I joined the gym near my house yesterday. Dee-Anne found a deal online that waived the joining fee, gave me two weeks free gym, her 2 weeks free for referring me and if I signed on for a 12-month contract it’s just $12.95 a week. So… I figured it was about time I made the jump and started to get in better shape.
The gym is Snap Fitness, and as part of my membership I can use any of their gyms nationwide (and overseas). They’re 24 hours too, so I can go for late night workouts to avoid crowds. But they seem to be just a gym, no pool or sauna facilities like you’d find in a heath club. I’ll somehow survive.
They’re also a Qantas partner, so I do get some points for my ongoing membership… however they’re so minuscule they hardly factored into my decision. Just icing on the cake really.
Last week I had another blood test, and today I met my haematologist to get the results. My blood work, I’m happy to report, is completely normal. Everything is in the expected ranges, with the exception of ANA being a little out.
I have another test due in 6 months to check things are still normal, but it would appear the scare of the initia blood tests at the start of the year was just that, nothing else.
While my ANA has gone down (or is it up – the better direction in any case), my C3 count has now been recognised as low. But my doctor doesn’t seem to think it’s lupus. Next blood test is in 4 months time, while my neutrophils continue to remain low, but not too low (1.3).
Tomorrow I see my neurologist, so maybe he can shed some light on whether he thinks this is all caused by the Epilim I am using for my Epilepsy.
So the consensus right now is the stress from worrying what I have or haven’t got is causing my nausea, rather than nausea being a symptom of whatever it could be.
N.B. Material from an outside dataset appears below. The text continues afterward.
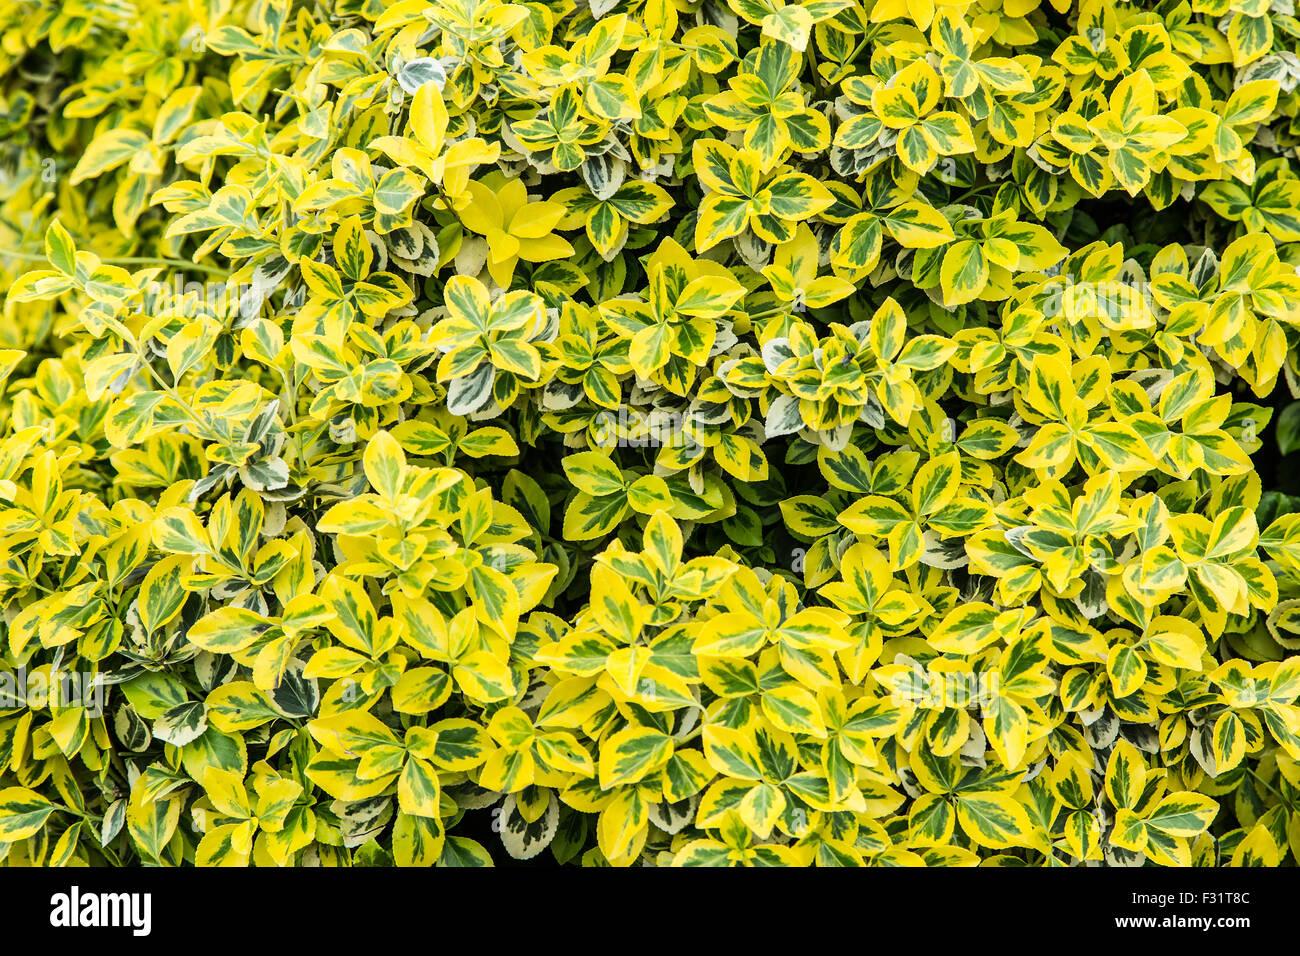 Colorful bush leaves. Close-up shot. Nature background. - Stock Image

After years of watching Hugh Laurie play the character Dr. House, and having just started watching season one through Australian Netflix, I was quite surprised to have my haematologist say to me that it could be lupus today. The good news, all those vials of blood they took a fortnight ago have come back to clear me of whatever he was testing for, but has shown an increase in ANA, something that could indicate an autoimmune disorder. Now I have to wait another fortnight to find out if my body is attacking itself or not.
I don’t feel sick, or look sick. I am sleeping a lot, so there’s perhaps still some fatigue there, and I haven’t had any other symptoms other than perhaps my hand heating up last week, but that went away. The heating, not the hand. My lymphocyte count is also up to 1.4, not great but better than the low.
Today I went to a new doctor, one who specialises in haematology. The reason being, my regular doctor has noticed my white blood cells and platelets count dropping of late, and it’s a cause for concern. There’s only so much a GP can do before I need to be referred on.
Nothing really to report from today, met the new doctor, did a small physical and now I have a blood test coming up for 17 different things… I expect I’ll be giving a lot of blood that day. I don’t find out the results of all that for 2 weeks.
The main issue was explained to me as follows, a normal persons “lymphocytes” range between 2 and 7.5. My value in that test was as low as 1.2. If the value drops below 1, they’ll do a bone marrow biopsy… not exactly something I want to experience.
As I’m not sick, or don’t appear to be at least, the cause for the drop needs to be found. It could be an interaction with my Epilim medication, however if that’s the case, I need to find different anti-convulsants.
For now, the only thing I’ve noticed are increased headaches. Not all the time, but sometimes, when I do get them, they hurt a lot. Also a little nausea. But it comes and goes, so it might not even be related.
This morning I had my EEG checkup. As with last time, I don’t get my results until my consultation with the neurologist but just wanted to say I didn’t seize up during it. Not that I expected to.